-------- Given data

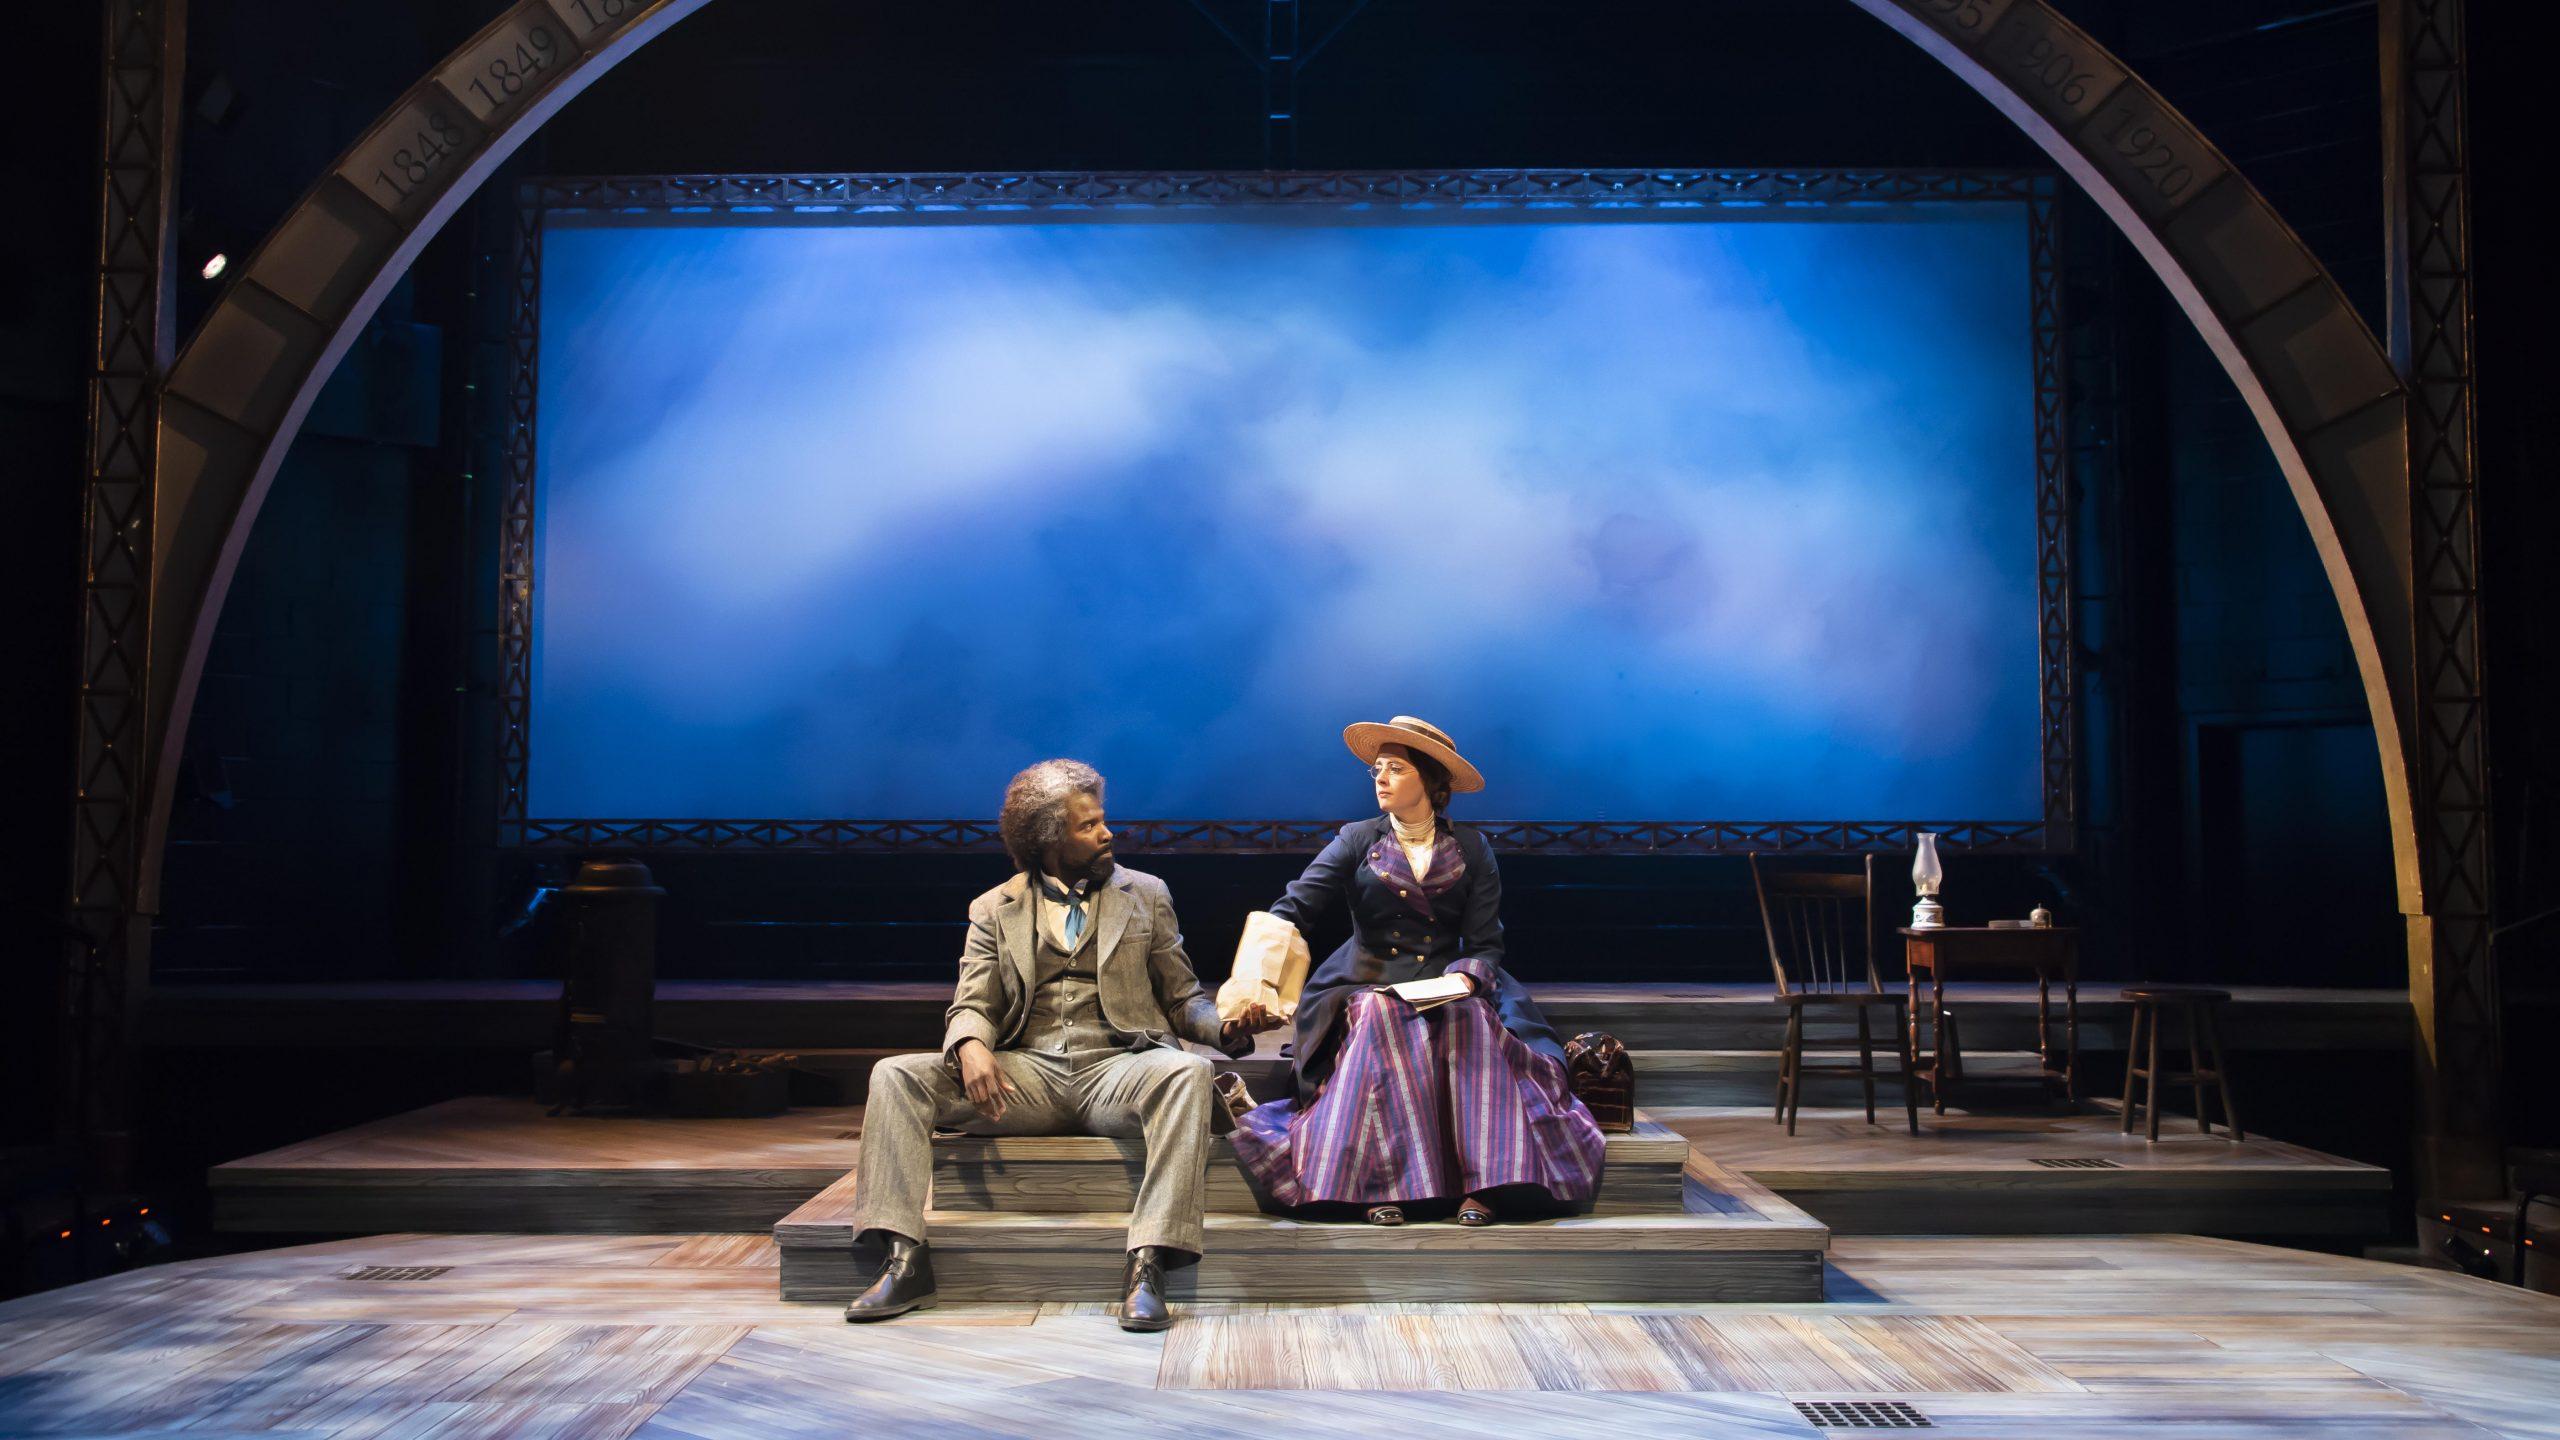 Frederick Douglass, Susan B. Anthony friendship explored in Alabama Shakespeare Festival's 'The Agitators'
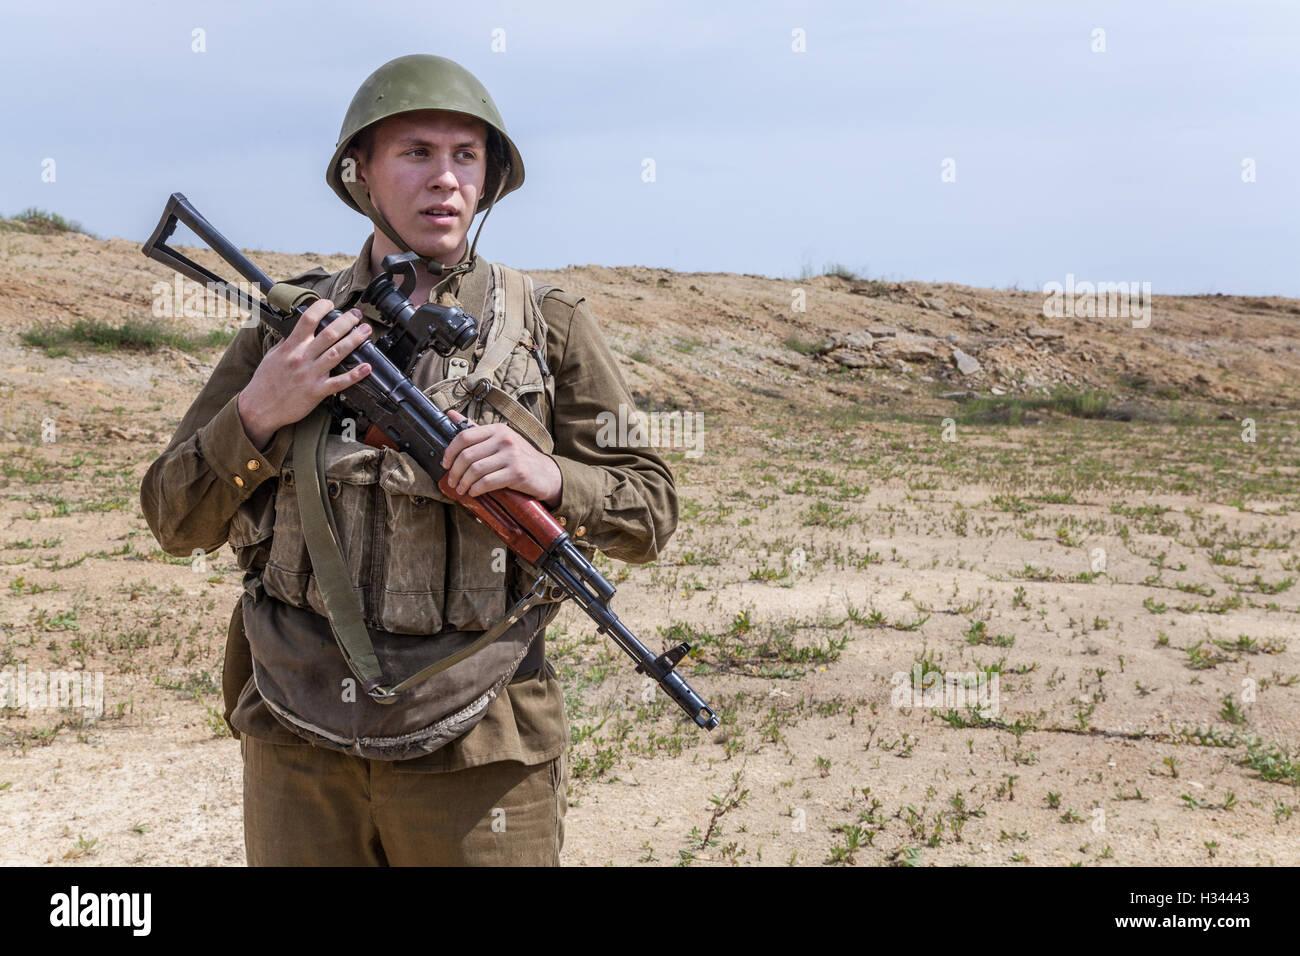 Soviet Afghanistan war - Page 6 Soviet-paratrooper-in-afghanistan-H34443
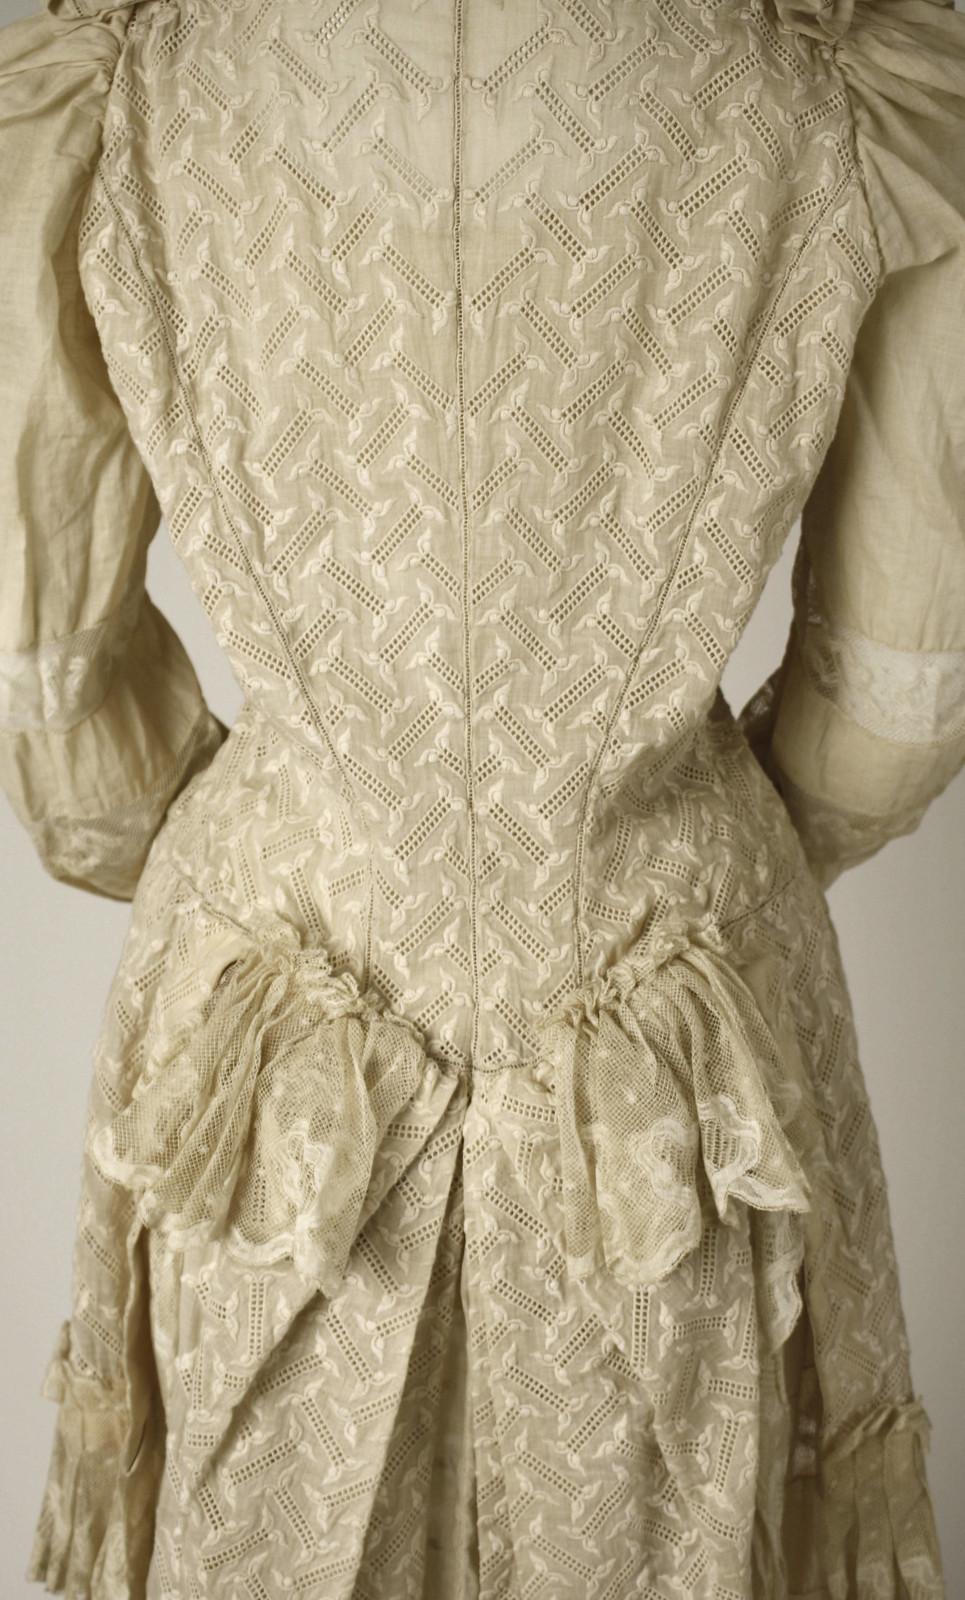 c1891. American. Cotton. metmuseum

----------------

● **Exercise directions**
The line containing "Soviet Afghanistan war" and every line after it, through the end of the data, are to be output exactly. Omit the pictures.

● **Result of this exercise**
 Soviet Afghanistan war - Page 6 Soviet-paratrooper-in-afghanistan-H34443
 c1891. American. Cotton. metmuseum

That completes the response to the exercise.